At the same time, it’s hard not to percieve the missive as a “middle-child” thing: Marsha! Marsha! Marshaaa! But people are talking and hopefully looking beyond it as mere player-hatin’ and addressing some questions that I think need to be asked. It’s unfortunate that the critique is formatted as, and can be read as an attack.

#16 lenore herb on 04.09.08 at 5:23 pm

I want to thank you for making me aware that there are others dissatisfied with “state of the art” that we have been forced to suffer for the last forty years. Mind bending bad art and excruciatingly boring ‘performance’ art shoved down our throats annually or biannually simply because there is someone who knows the right people and how to manipulate the art bureaucracy.

You seem to ignore the fact that the Canada Council for the Arts is run by a corrupt clique who WILL blacklist you, should you dare to criticize one of them. What more proof of corruption do you need than the recent award of a Governor General’s award worth $60,000 to Eric Metcalf, who, for the last 40 years has made his art living off a kazoo wrapped in paper mache and has a permanent home at the Western Front, bought and paid for by the Canada Council.

bill bissett, a supposed Canadian icon, got a lifetime achievement award last year, worth $2,500. I can think of a whole list of other significant artists who deserve the governor’s award more that Eric Metcalf and if you went through the list of recipients you would probably see a few more that have no right to be there.

The Council is shrouded in secrecy, these ‘peers’ so called are never named, nor who chooses them to be ‘peers’ or why. Who creates the list of this peerage?

People get shows through who they know, who they are friends with, who they schmooze with, what group or gallery they belong to. Tim Lee, is an excellent example of that. There is a historical basis for artists careers that have been created and maintained by funding from the Council.

I don’t worry about being blacklisted, this happened years ago, when I was fighting for the funding to keep our social / environmental / arts media group going and Tom Sherman changed the name of the section from Arts and Media to Media Arts. Wonder at the subtleties of that.

#17 Andrea on 04.10.08 at 2:21 pm

Is this about ambition? Isn’t Tim Lee just being ambitious? Of course these days success is partly about where you go and who you know. That’s a given. Isn’t it a romantic notion that an artist will be ‘discovered’ while painting quietly in his studio?
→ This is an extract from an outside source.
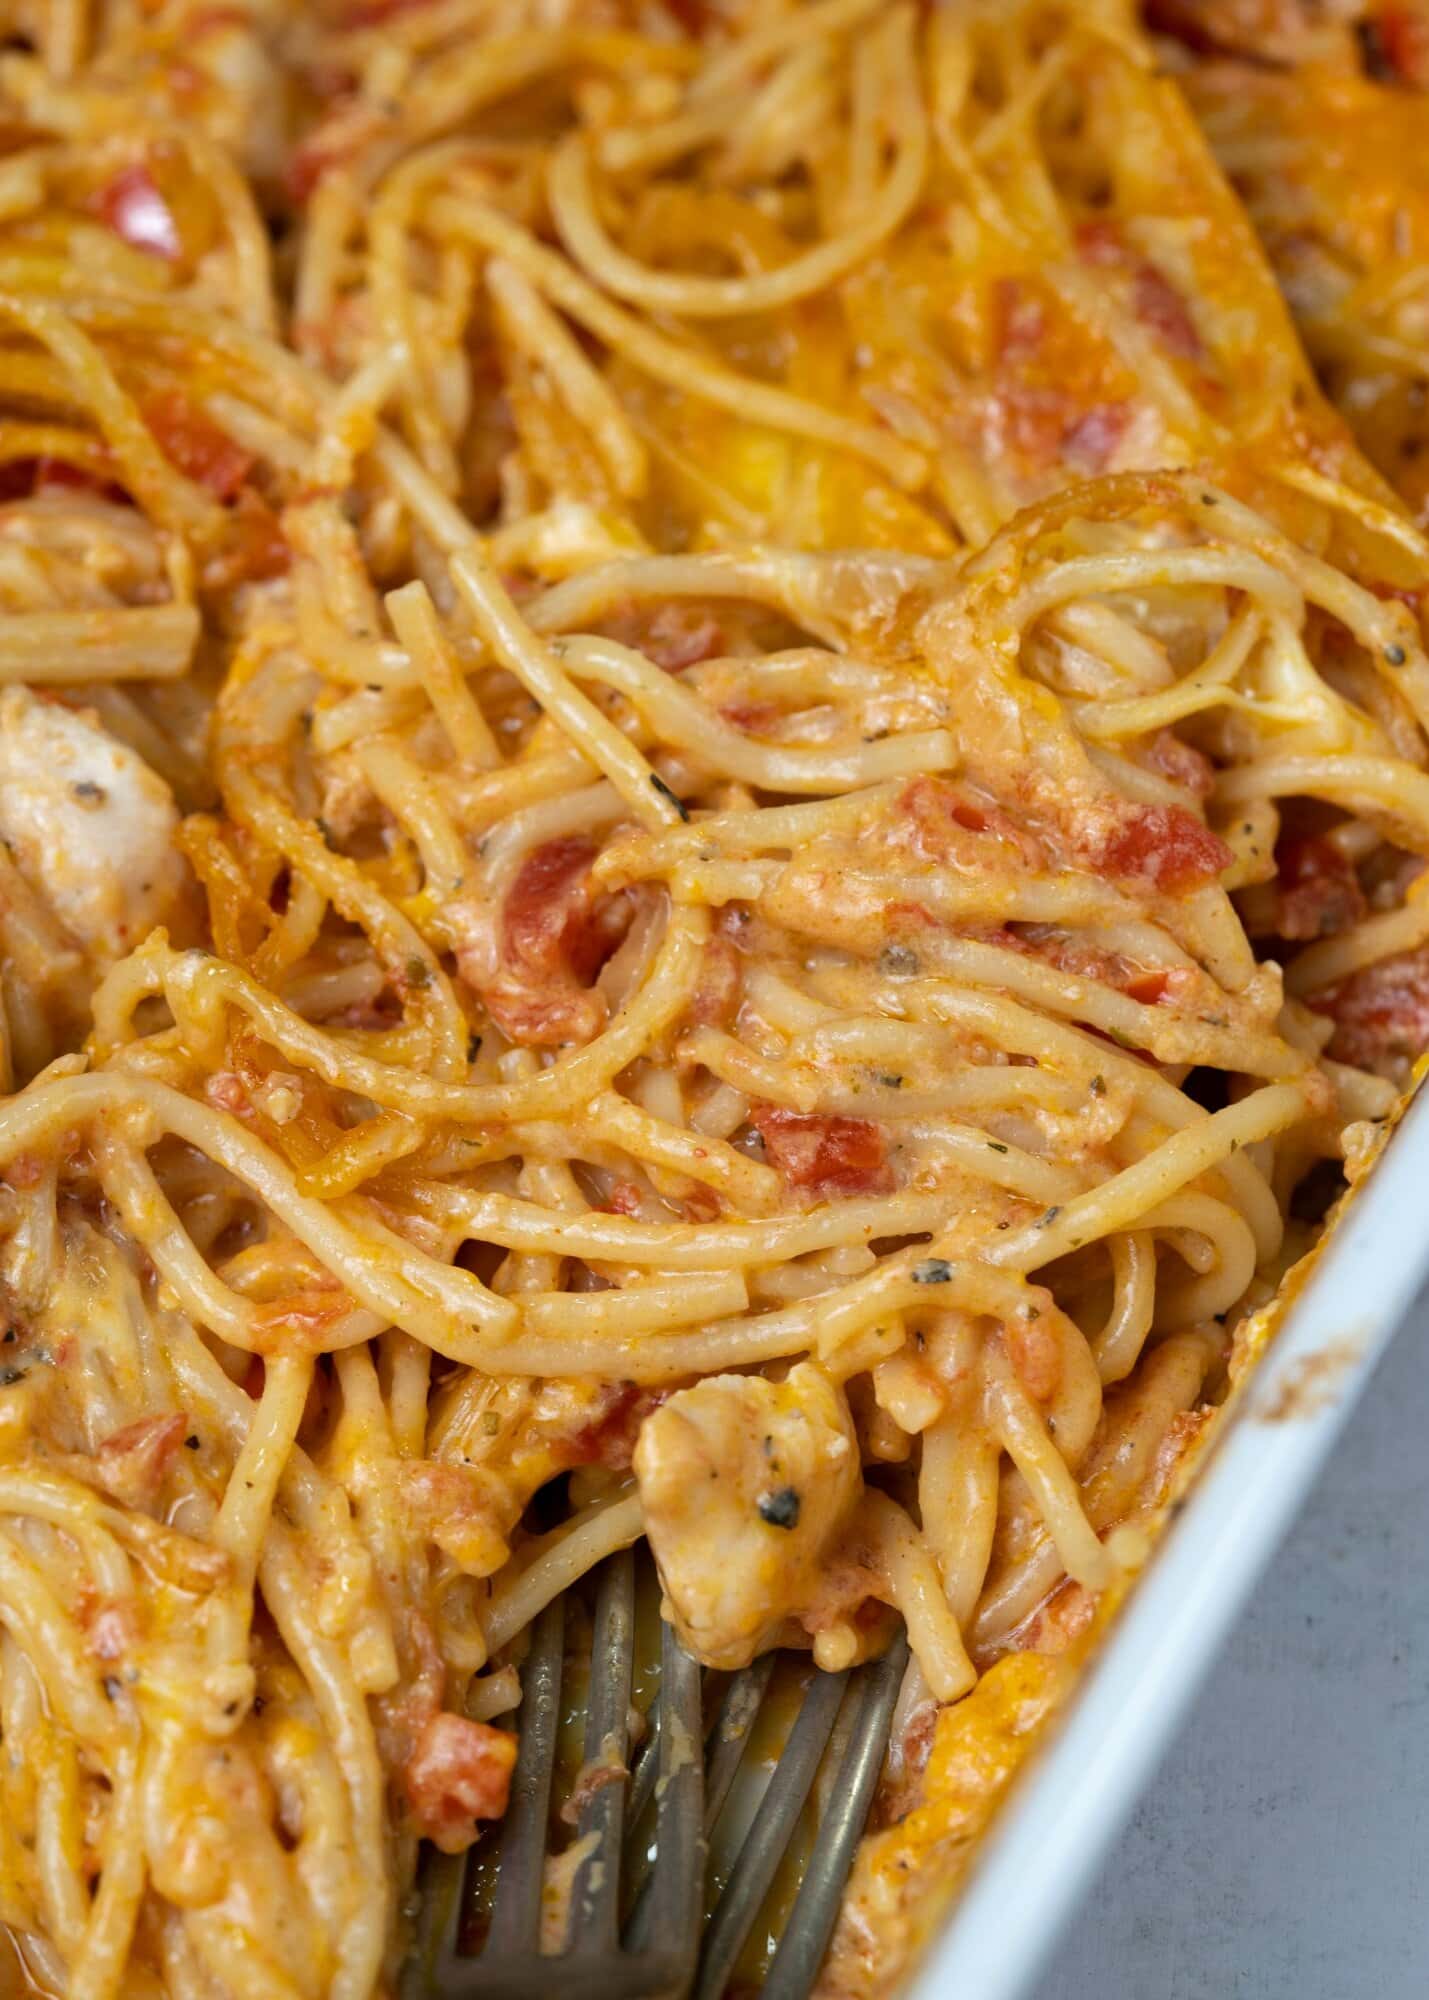 close up view of baked chicken spaghetti showing cheesy saucy spaghetti with chicken chunks 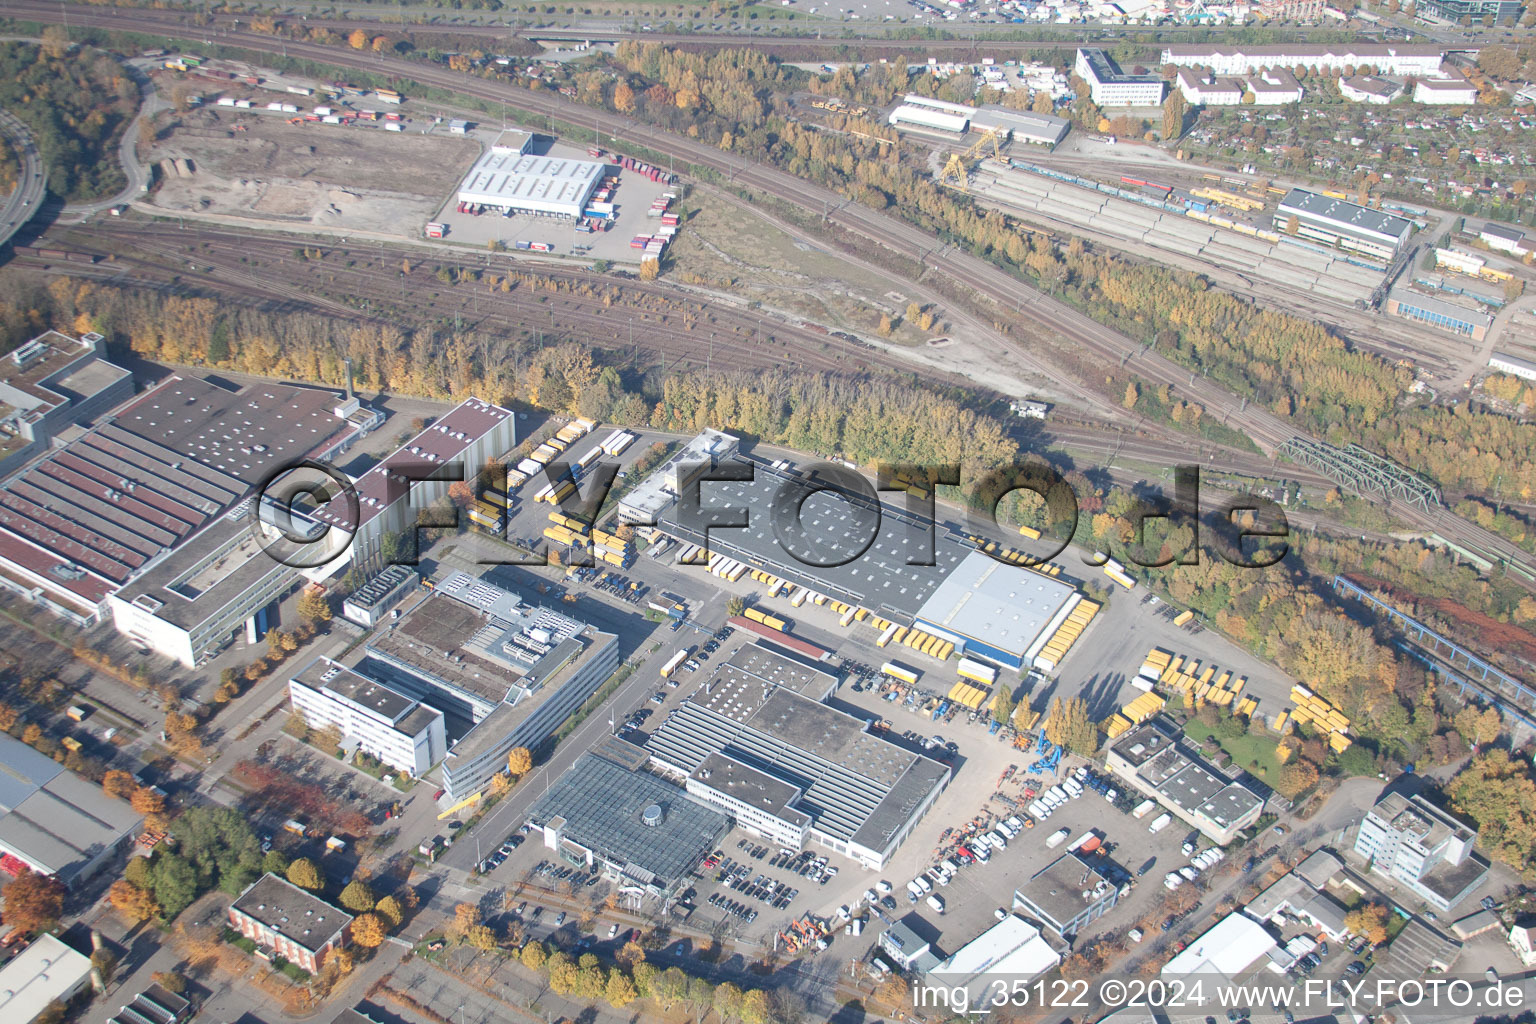 Oblique view of Warehouses and forwarding building SWS-Speditions-GmbH, Otto-street in the district Durlach in Karlsruhe in the state Baden-Wurttemberg

With so many artists being churned out by art schools every year, don’t you have to schmooze if you want to get ahead?

#18 john on 06.17.08 at 9:36 pm

re. 911 and ‘punishing force of Vancouver art world ,Canadian Art article ‘:a self-absorbed and uninformative piece of writing gets defended because it vents some mean-spiritedness which apparently some share in a Your football team sucks sort of way.It should have appeared as a blog not in a national quarterly,where it has lowered the bar for more art critique based on grudges against where people live or their somehow having attracted critical interest -this 911 being the latest, in which “don’t get us going “functions as proof.